It is more appropriate to run such a large table in the CDH big data environment.

| username: Lucien-卢西恩 | Original post link

It might be due to this reason. You can verify it by turning off tidb_enable_tmp_storage_on_oom and trying again. https://docs.pingcap.com/zh/tidb/dev/system-variables#tidb_mem_oom_action-从-v610-版本开始引入

| username: 人如其名 | Original post link

This is unrelated, the red-circled cannot reuse temporary disk should mean that if there is one, it will be used first, and if not, it will cancel. If tidb_enable_tmp_storage_on_oom=OFF, it will definitely be canceled, which is even less in line with the requirements. Here, I think it should first write to disk, and only cancel when there is no space on the disk (it will not use more memory than tidb_mem_quota_query). In my actual test, the disk was not full.

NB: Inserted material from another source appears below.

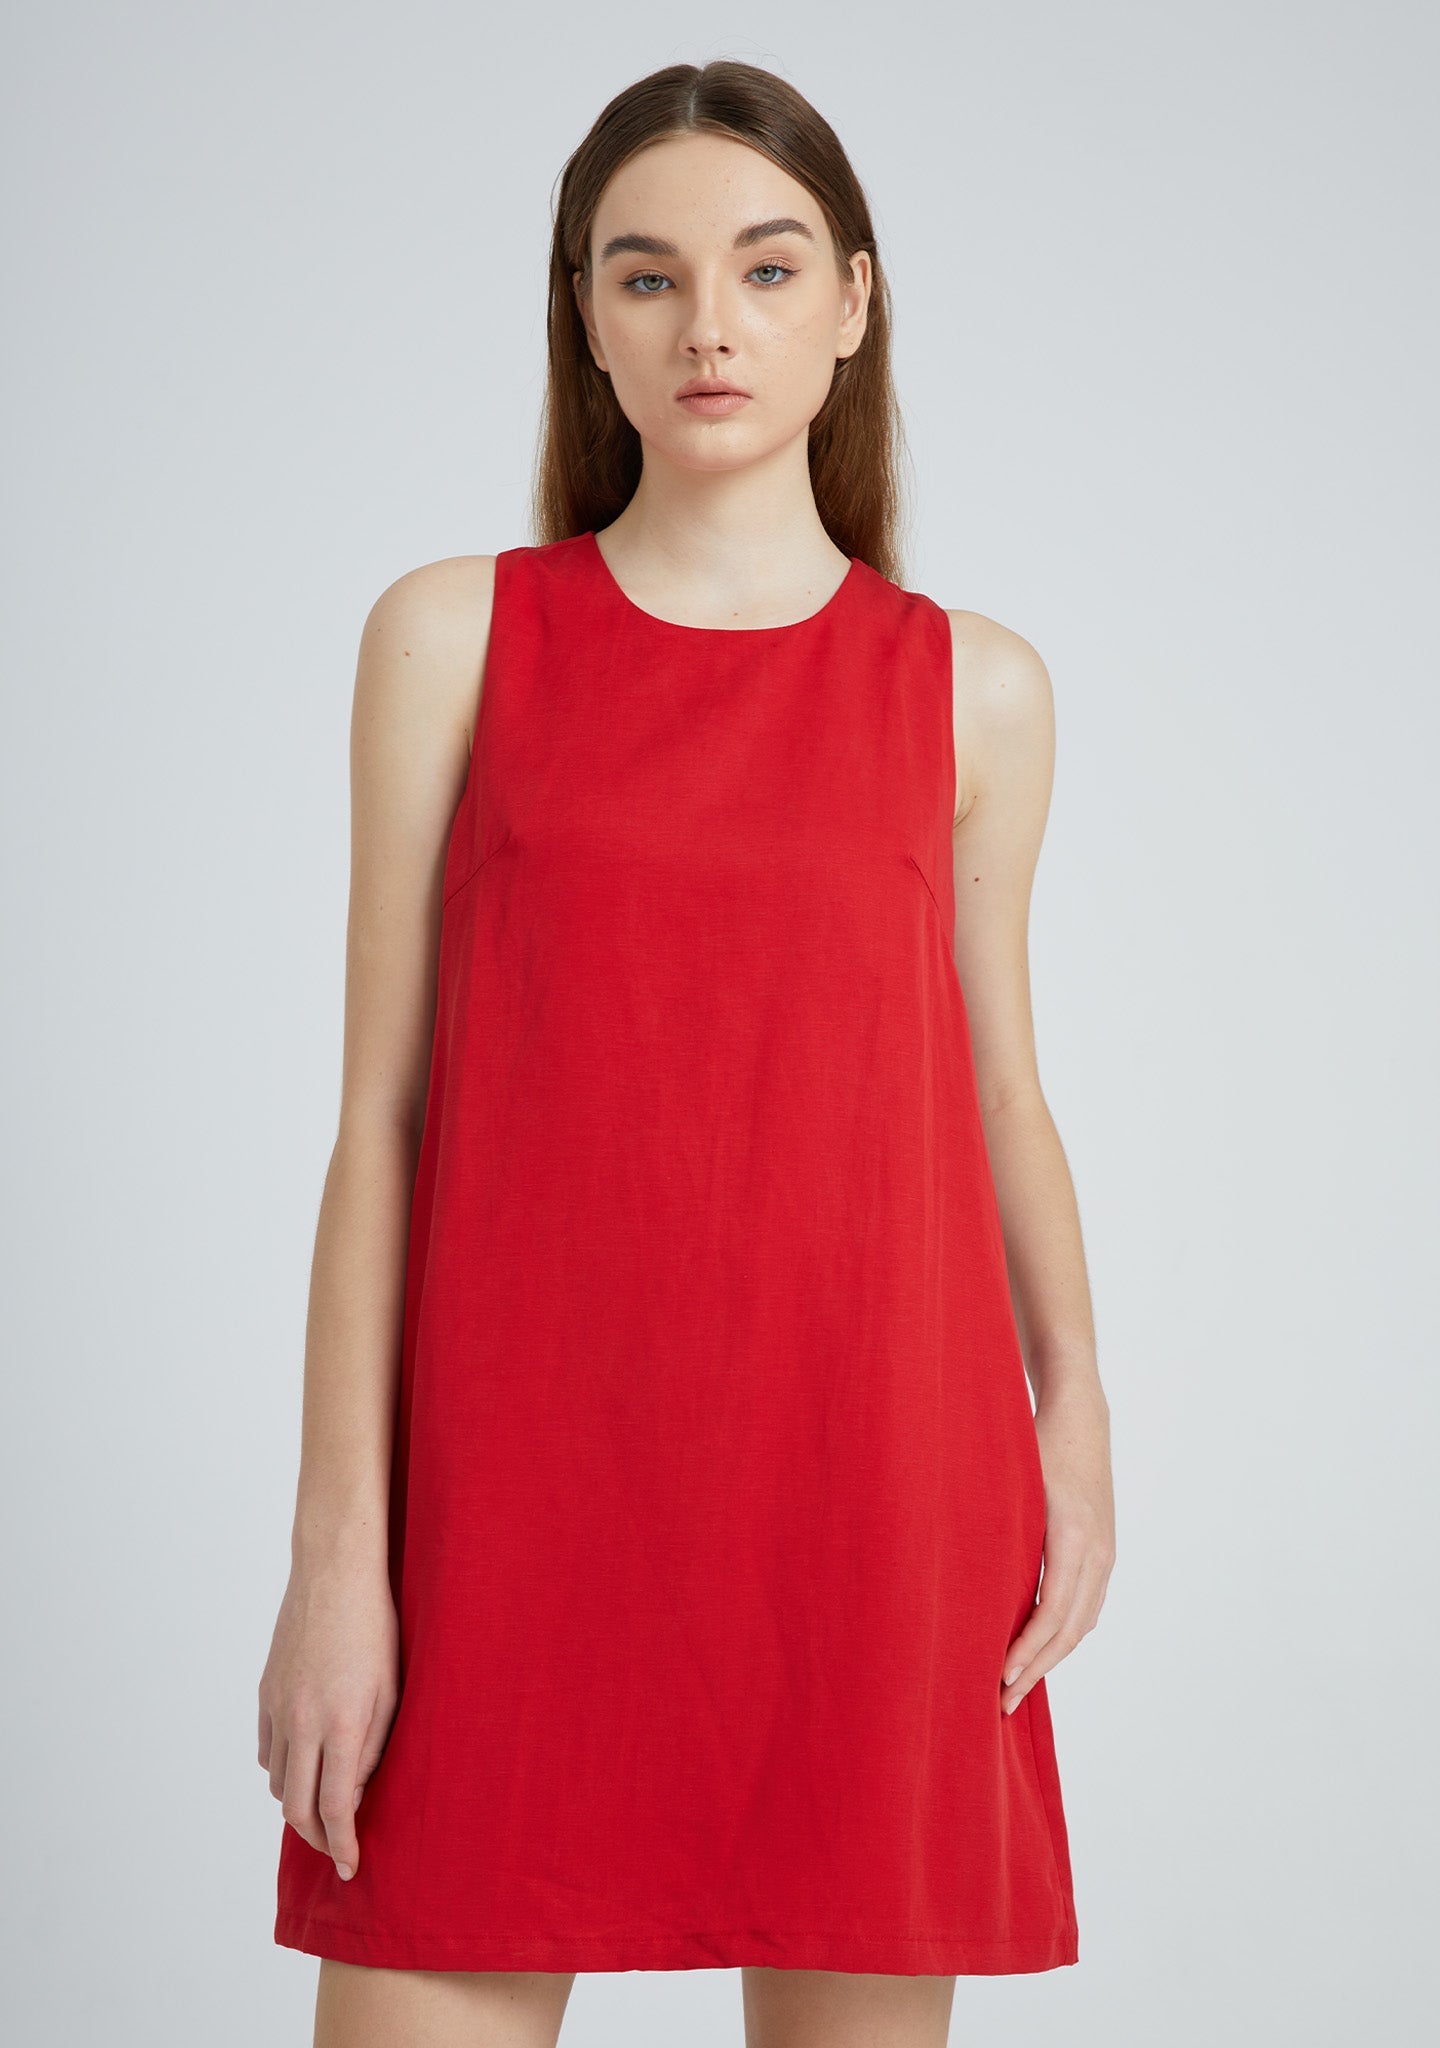 Odette Dress Short Salient Label half front view red
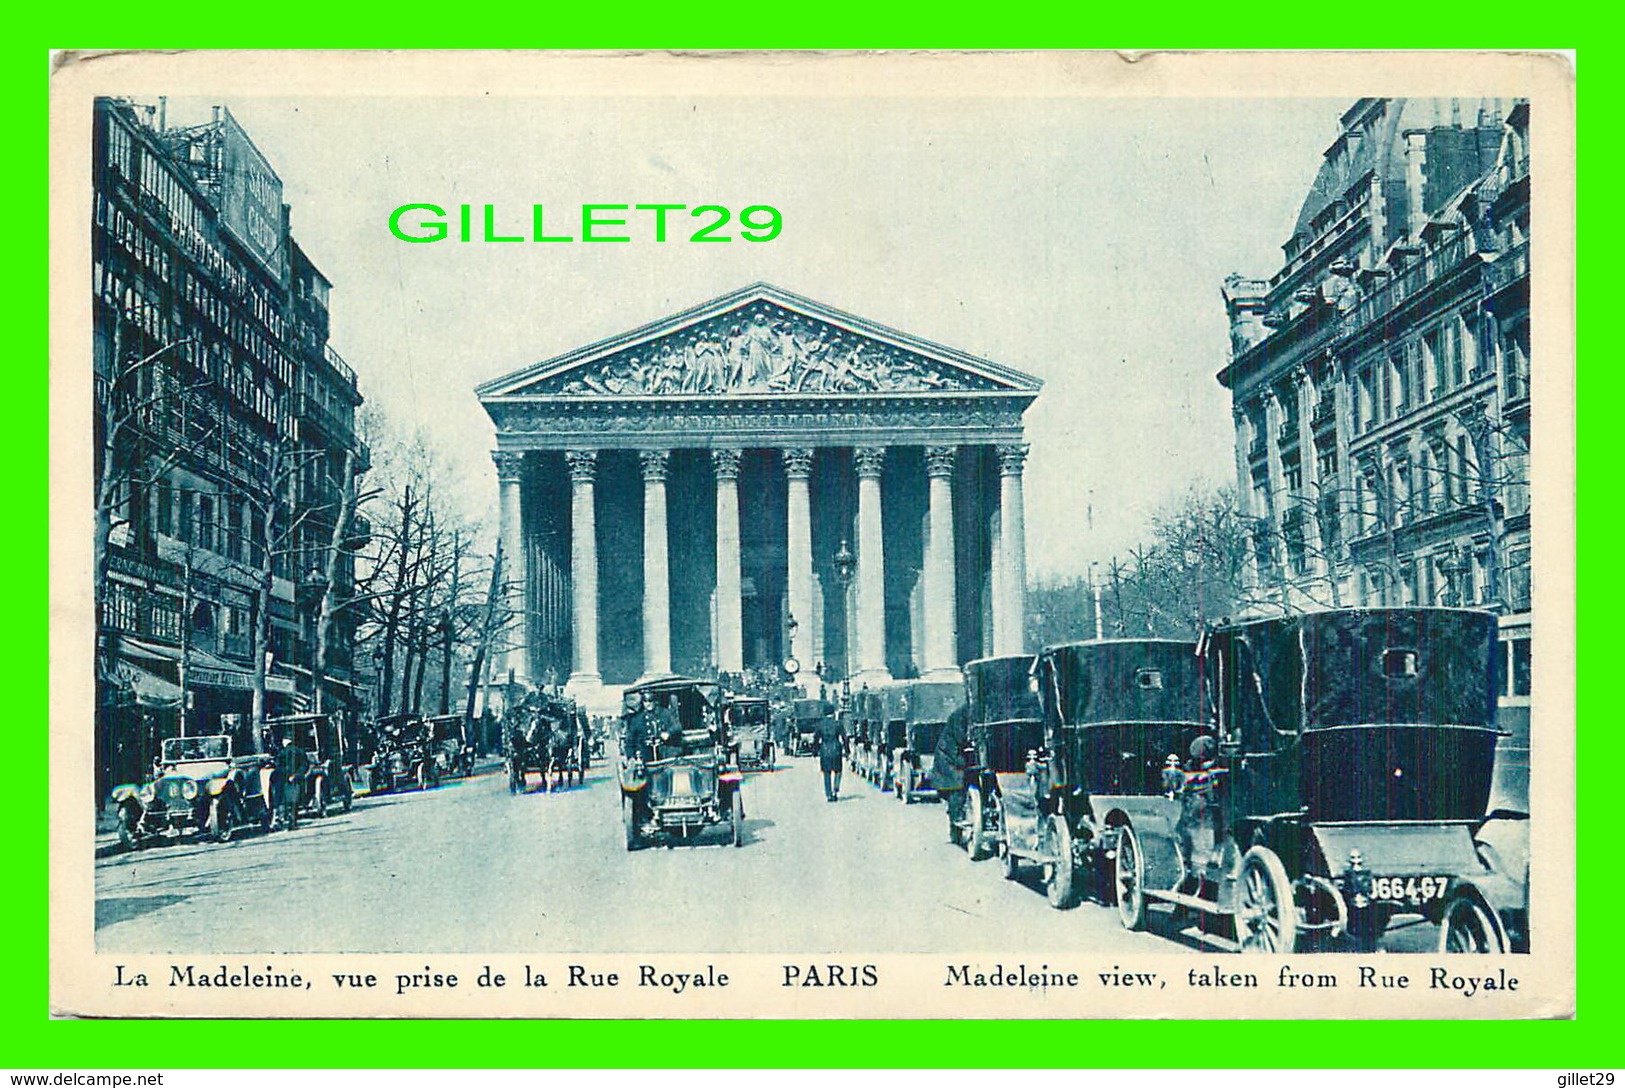 PARIS (75) - LA MADELEINE, VUE PRISE DE LA RUE ROYALE - ANIMÉE DE VIEILLE VOITURES - ÉDITIONS PAUL LUCIANI - - Autres Monuments, édifices

The hash table related to hash join should be here: tidb/executor/join.go at 706c3fa3c526cdba5b3e9f066b1a568fb96c56e3 · pingcap/tidb · GitHub
MemTracker.FallbackOldAndSetNewAction is a method that adds new actions to the action queue on the current object and then reorders them based on the priority attribute of the actions, with higher priority actions being executed first. When disk spilling is enabled, its priority is higher than cancel. The priority order is: tidb/util/memory/action.go at 706c3fa3c526cdba5b3e9f066b1a568fb96c56e3 · pingcap/tidb · GitHub
If throttling is enabled, it will throttle first, then spill to disk, and then (if oom-action=log, it will only log a warning, if cancel, it will directly kill). Therefore, the logic of spilling to disk and canceling does not conflict; it should spill to disk first, and cancel only if it cannot spill. The issue here seems to be that the batch size for spilling the hash table is too large, causing insufficient memory and thus being killed. However, I’m not sure if this is the case, and if it is, whether there should be some optimization at the code level.

| username: Lucien-卢西恩 | Original post link

If the disk is not full, it should not cancel. I will test it later.

| username: 人如其名 | Original post link

Here are the test results, which are the results of repeated tests.
It might be difficult for you to reproduce because it requires the nation and region tables to not collect statistical information (pseudo).

If you need to reproduce, you should clear the statistical information of these two tables (you can clear the statistical information by rebuilding the tables).

| username: 人如其名 | Original post link

Mark, the OOM here is mainly due to an internal cross join. You can see the issue here: Turning on disk placement causes the tidb node to oom · Issue #40500 · pingcap/tidb · GitHub. It should be fixed in the future.